I am working on a dataframe of plant scientific names a sample of which is as follows:
plantlist <- data.frame(ID = c(1,2,2,2,2,2,2),
SciName = c("Alkanna tuberculata", "Alkanna tuberculata", "Anchusa tinctoria", "Anchusa tinctoria", "Anchusa tinctoria", "Anchusa tinctoria", "Echium italicum"),
SciName.w.author = c("Alkanna tuberculata Greuter", "Alkanna tuberculata Meikle", "Anchusa tinctoria L", "Anchusa tinctoria Woodv", "Anchusa tinctoria Pall", "Anchusa tinctoria Meikle", "Echium italicum"),
Status = c("Unresolved", "Misapplied", "Accepted", "Synonym", "Unresolved", "Synonym", "Misapplied"))
What I need to do is to group the columns by ID
, and SciName
and then keep the following rows:
- if there is only one row in the group keep it, no matter what the status is
- if there are more than two rows keep the accepted and synonyms
- if there are no accepted and synonyms keep unresolved and if no unresolved keep missapplied
I tried to accomplish this using case_when and grouping but I'm stuck in the last part
keep.plantlist <- plantlist %>%
group_by(ID, SciName) %>%
mutate(count = n()) %>%
ungroup()%>%
mutate(keep = case_when(count == 1 ~ T ,
count > 1 & STATUS == "Accepted" ~ T,
count > 1 & STATUS == "Synonym" ~ T))
#expected keep row
plantlist$keep <- c(T, F, T, T, F, T, T)
I also tried mutating status as factor and arranging the groups by the priority I need, but I don't know if there is any function that could help if I have that order.
CodePudding user response:
I think this will work, but need a higher quality test-set to be sure.
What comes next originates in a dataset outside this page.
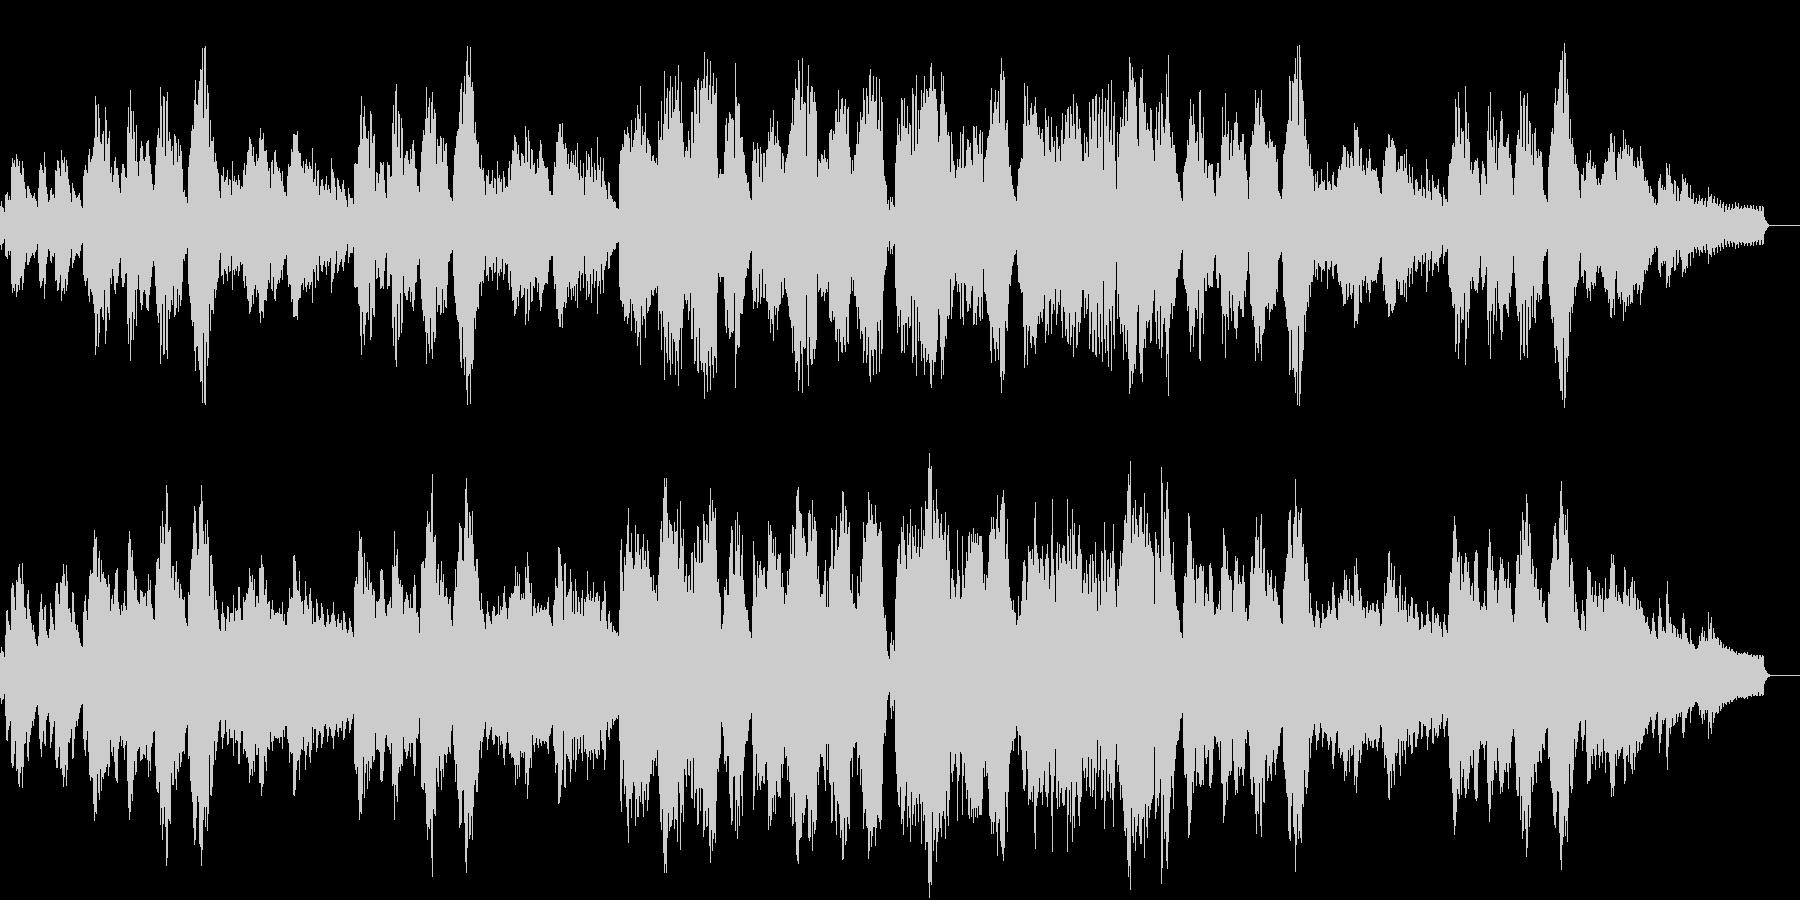 のどかな雰囲気のBGMの未再生の波形

keep.plantlist <- plantlist %>%
group_by(ID, SciName) %>%
mutate(count = n()) %>%
mutate(keep = case_when(
count == 1 ~ T ,
count > 1 & STATUS == "Accepted" ~ T,
count > 1 & STATUS == "Synonym" ~ T,
!any(STATUS %in% c("Accepted", "Synonym")) &
STATUS %in% "Unresolved" ~ TRUE,
!any(STATUS %in% c("Accepted", "Synonym", "Unresolved")) &
STATUS %in% "Misapplied" ~ TRUE,
TRUE ~ FALSE
))